Numerical representation of fracture patterns and post-fracture load-bearing performance of thermally prestressed glass with polymer foil

• Published in: Engineering structures Vol. 226; p. 111318
• Main Authors: Saputra, A., Behnke, R., Xing, W., Song, C., Schneider, J., Kaliske, M.
• Format: Journal Article
• Language: English
• Published: Kidlington Elsevier Ltd 01.01.2021; Elsevier BV
• Subjects: Bending; Civil engineering; Cohesive elements; Digital image processing; Digital imaging; Foils; Glass; Image processing; Interlayers; Load resistance; Polymers; Post-fracture load-bearing performance; Prismatic polyhedral finite elements; Residual stress; Safety glass; Separation; Structural integrity; Tensile strength; Cohesive elements; Prismatic polyhedral finite elements; Post-fracture load-bearing performance; Glass; Digital image processing
• ISSN: 0141-0296; 1873-7323
• DOI: 10.1016/j.engstruct.2020.111318

•A thermally prestressed glass panel with a polymer foil (backsheet) is studied.•Its post-fracture load-bearing performance (bending) is numerically assessed.•Digital image processing is used to obtain fracture patterns from experiments.•The panel is modeled by a quadtree mesh with prismatic polyhedral finite elements.•Cohesive elements represent the structural effect of the polymer foil. Glass can be thermally prestressed to enhance its load-bearing performance and tensile strength for civil engineering constructions. In such applications, the glass is thermally treated (internal stress state) and polymer foils/interlayers are applied to generate a laminate with a higher resistance to bending (out-of-plane loading) in case of fracture. In this contribution, a thermally prestressed glass panel with polymer foil as a backsheet is investigated as a special configuration of safety glass. In its post-fracture state, the polymer foil still provides a minimum structural integrity. Commonly, the post-fracture load-bearing performance of such polymer-glass assemblies is experimentally assessed by large scale tests related to high costs and testing time.

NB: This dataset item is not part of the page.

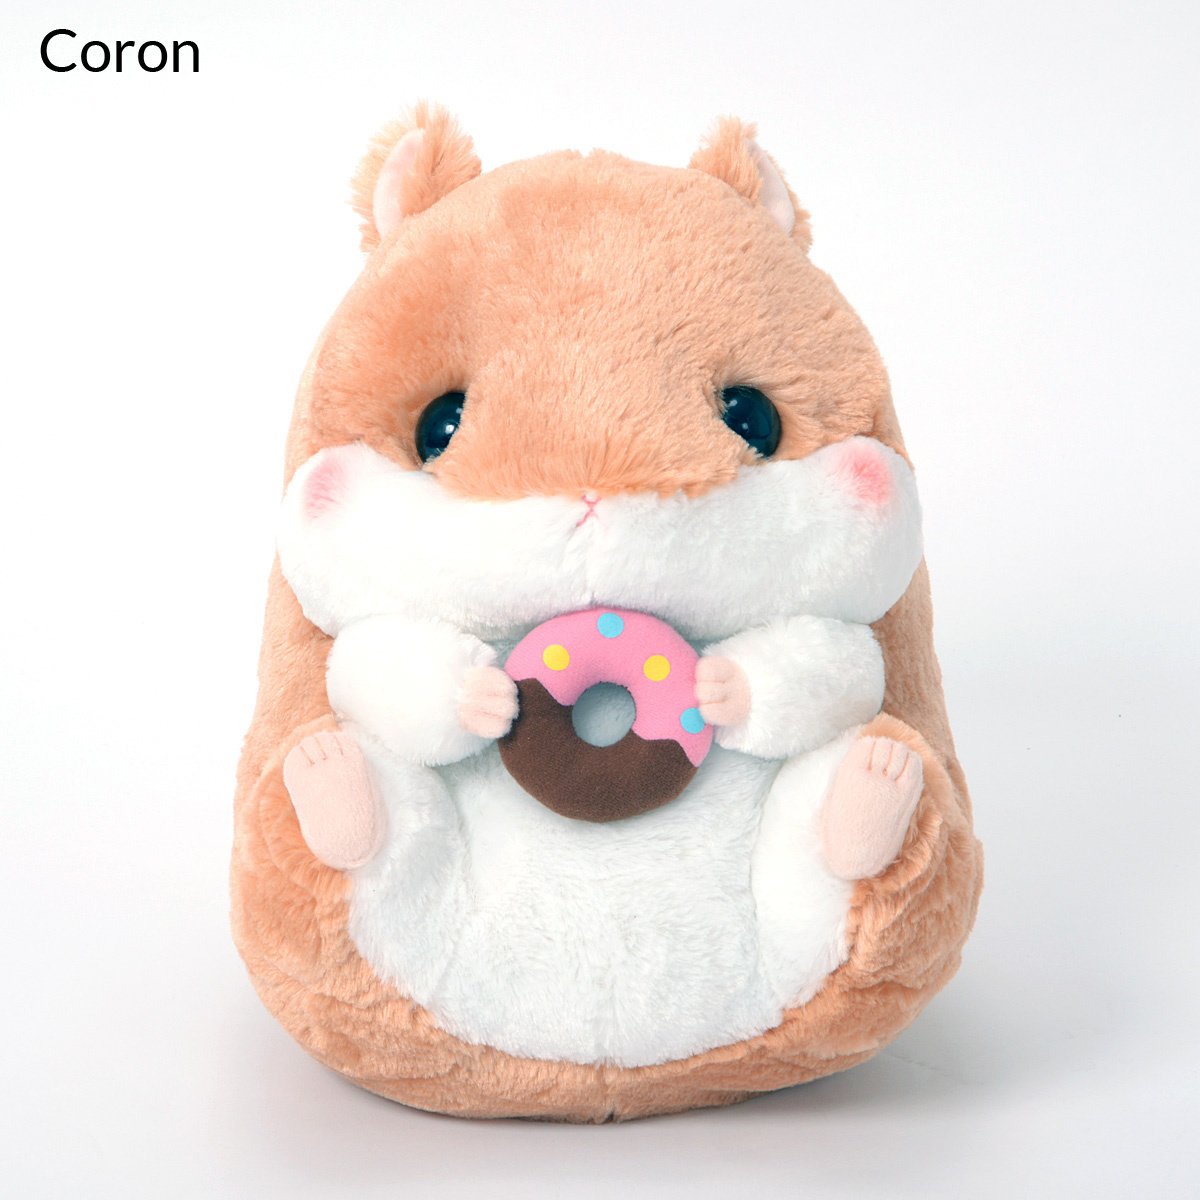 Hamster Plushie, Amuse Coroham Coron Cafe Plush Collection Coron with Donut Brown BIG

In this research, an approach is presented to numerically assess the post-fracture load-bearing performance (bending) of such a fractured glass panel. The approach is based on A) digital image processing of the fracture pattern of three glass samples, B) the generation of a quadtree finite element (FE) mesh, C) the use of prismatic polyhedral FE to efficiently represent glass fragments in the quadtree FE mesh and D) cohesive elements with a nonlinear traction-separation law (TSL) for finite separation to represent the structural effect of the polymer foil during the post-fracture state.